* TRY IT: Copy each line below as it stands, but skip any picture it contains.

── RECORDED DATA

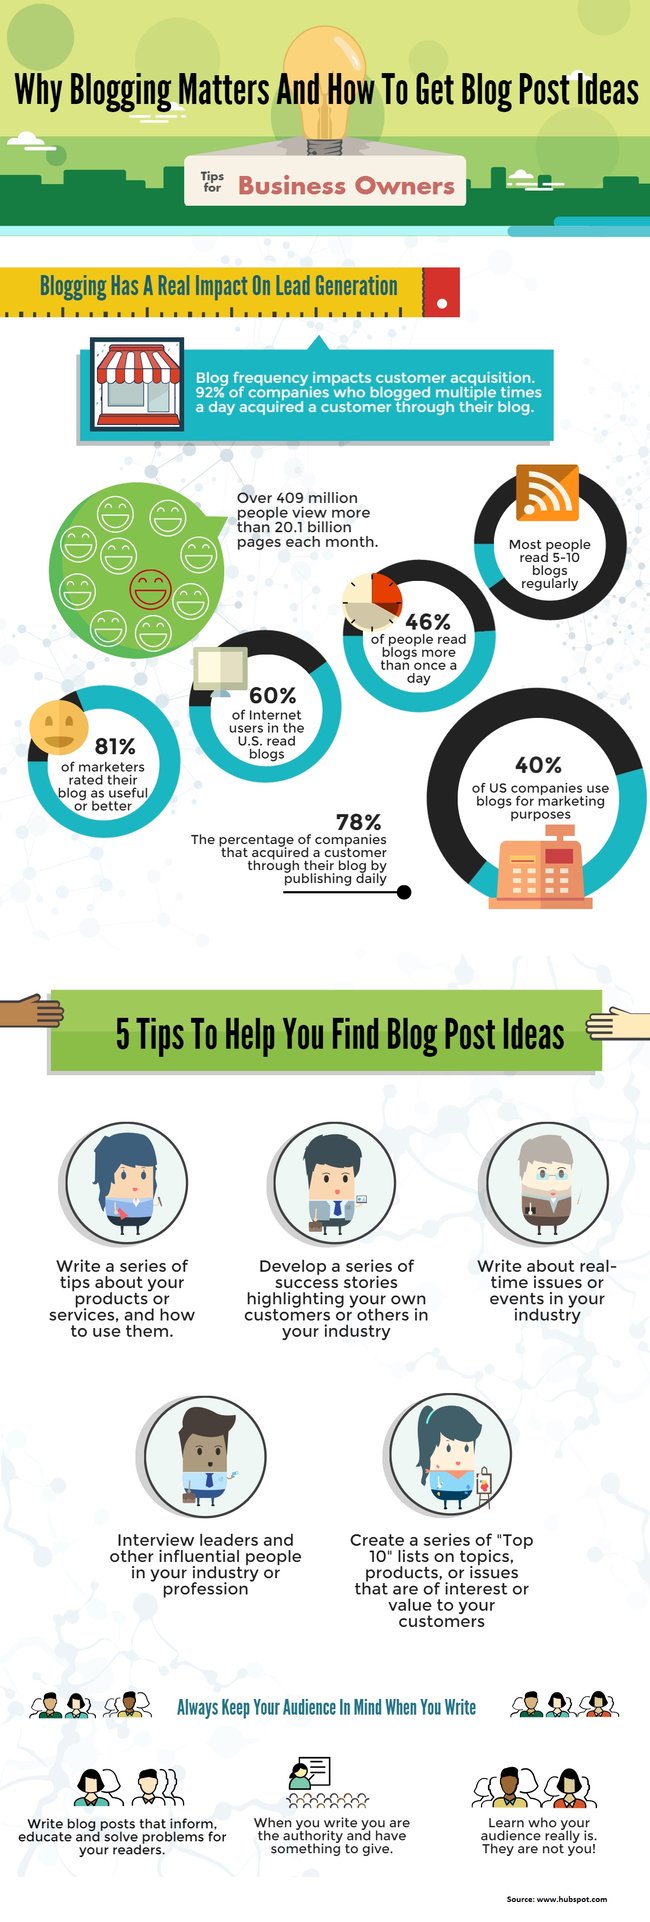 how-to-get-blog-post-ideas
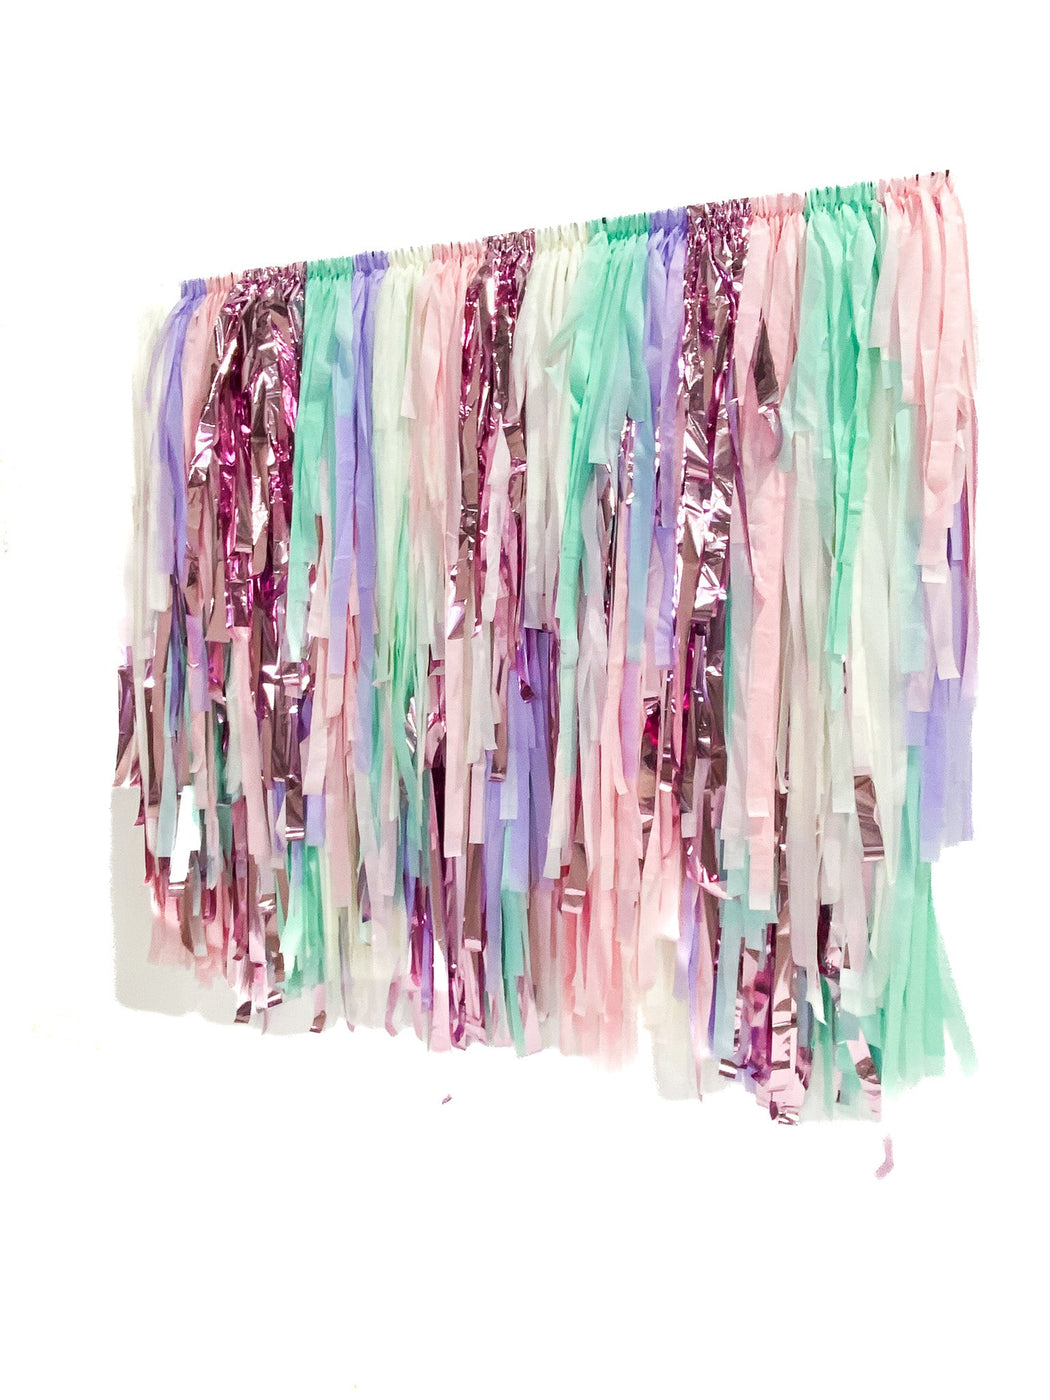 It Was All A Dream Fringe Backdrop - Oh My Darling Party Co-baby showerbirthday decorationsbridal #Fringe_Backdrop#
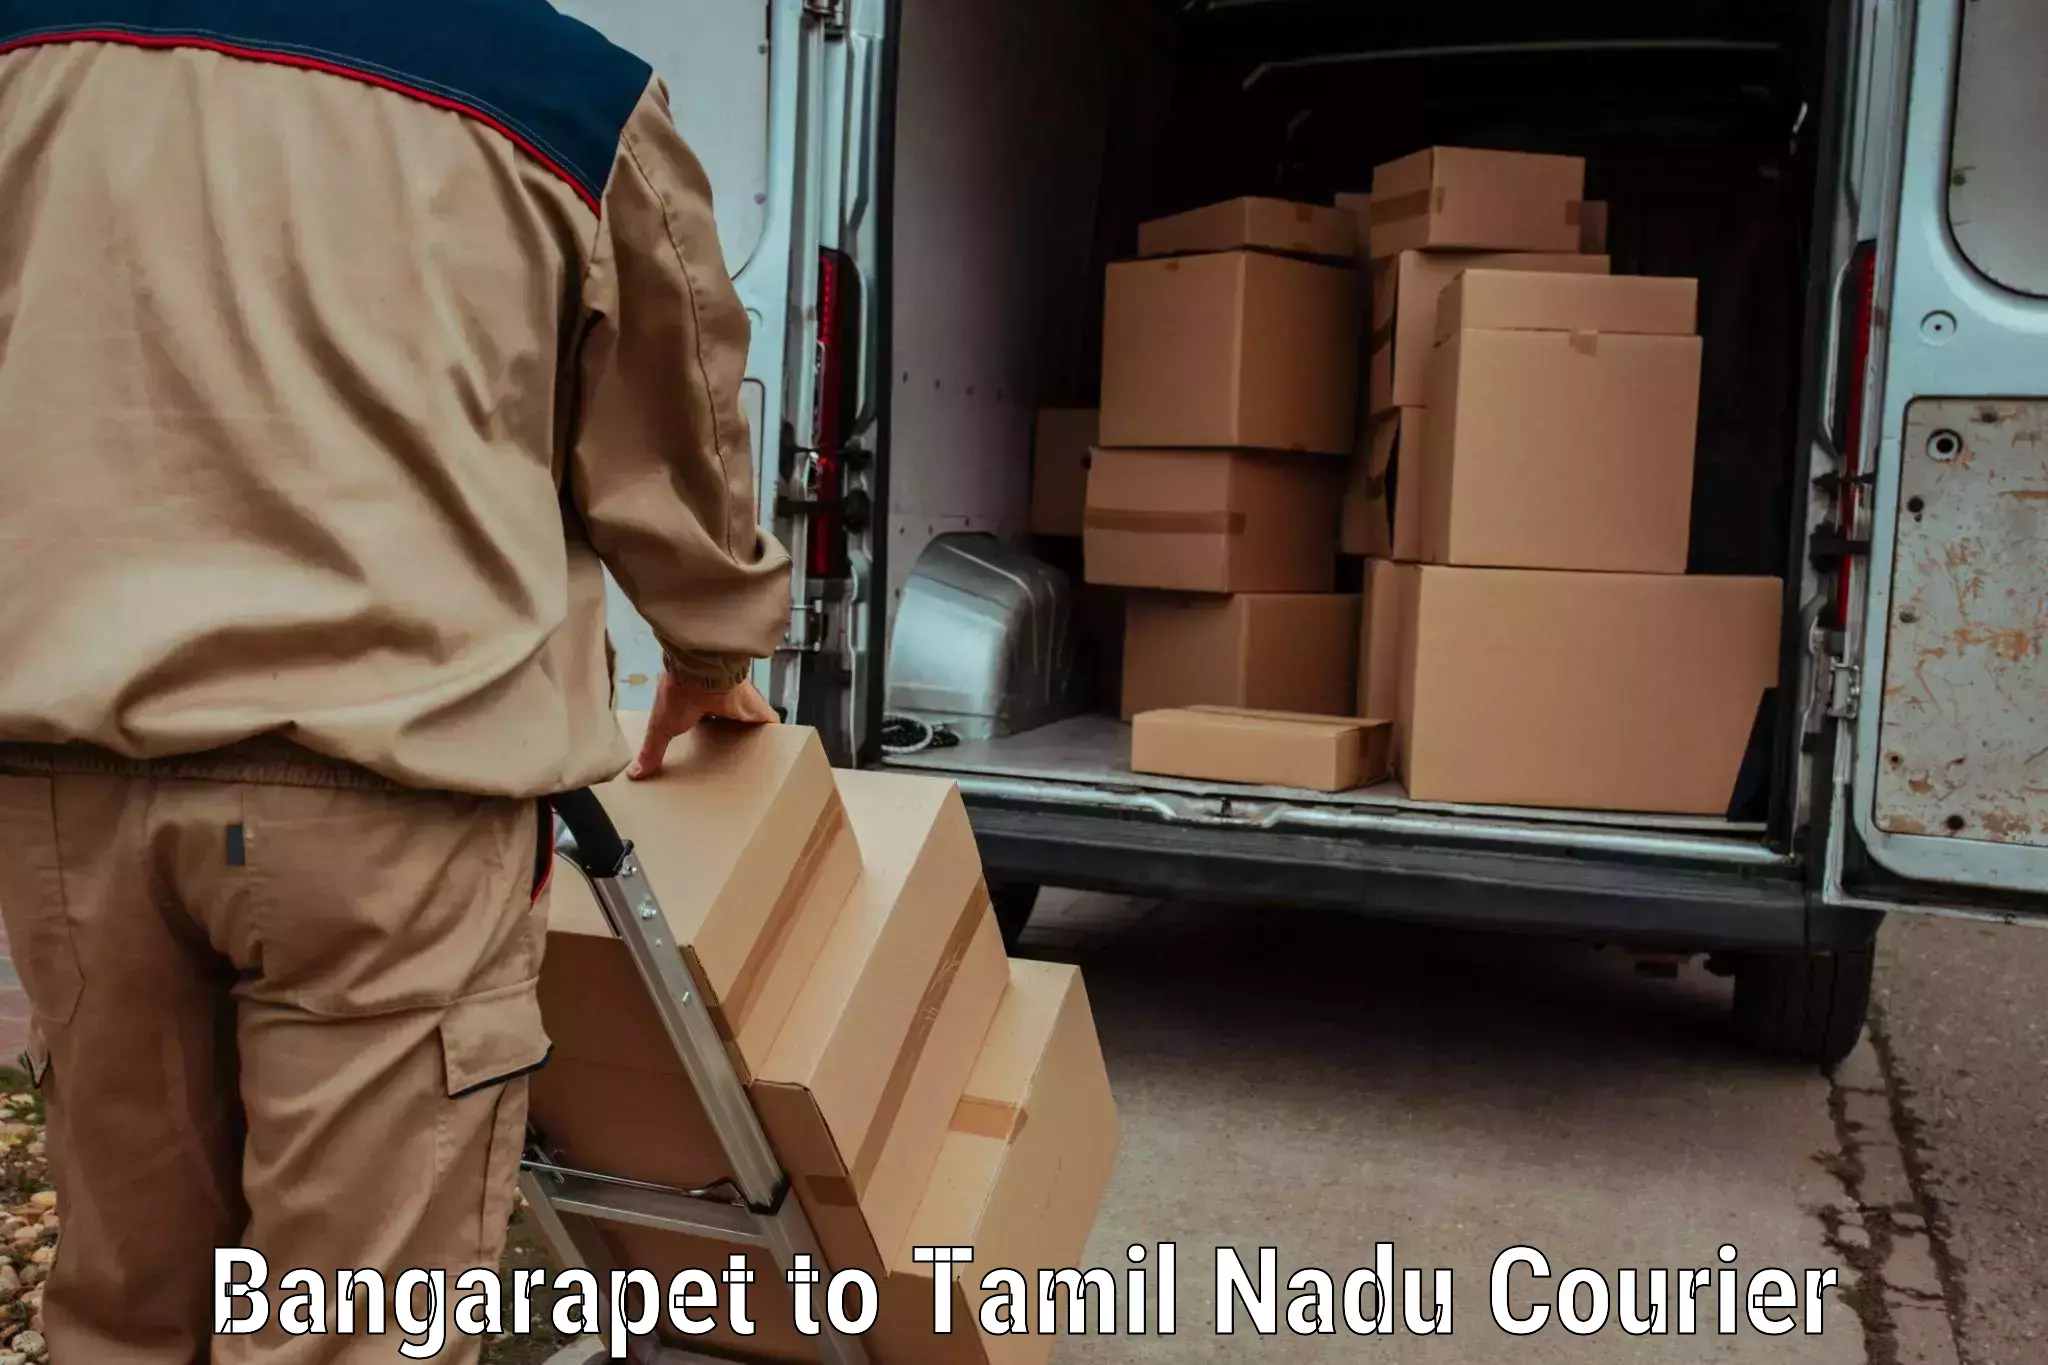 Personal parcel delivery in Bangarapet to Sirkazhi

────

* YOUR SOLUTION:
 how-to-get-blog-post-ideas
 It Was All A Dream Fringe Backdrop - Oh My Darling Party Co-baby showerbirthday decorationsbridal #Fringe_Backdrop#
 Personal parcel delivery in Bangarapet to Sirkazhi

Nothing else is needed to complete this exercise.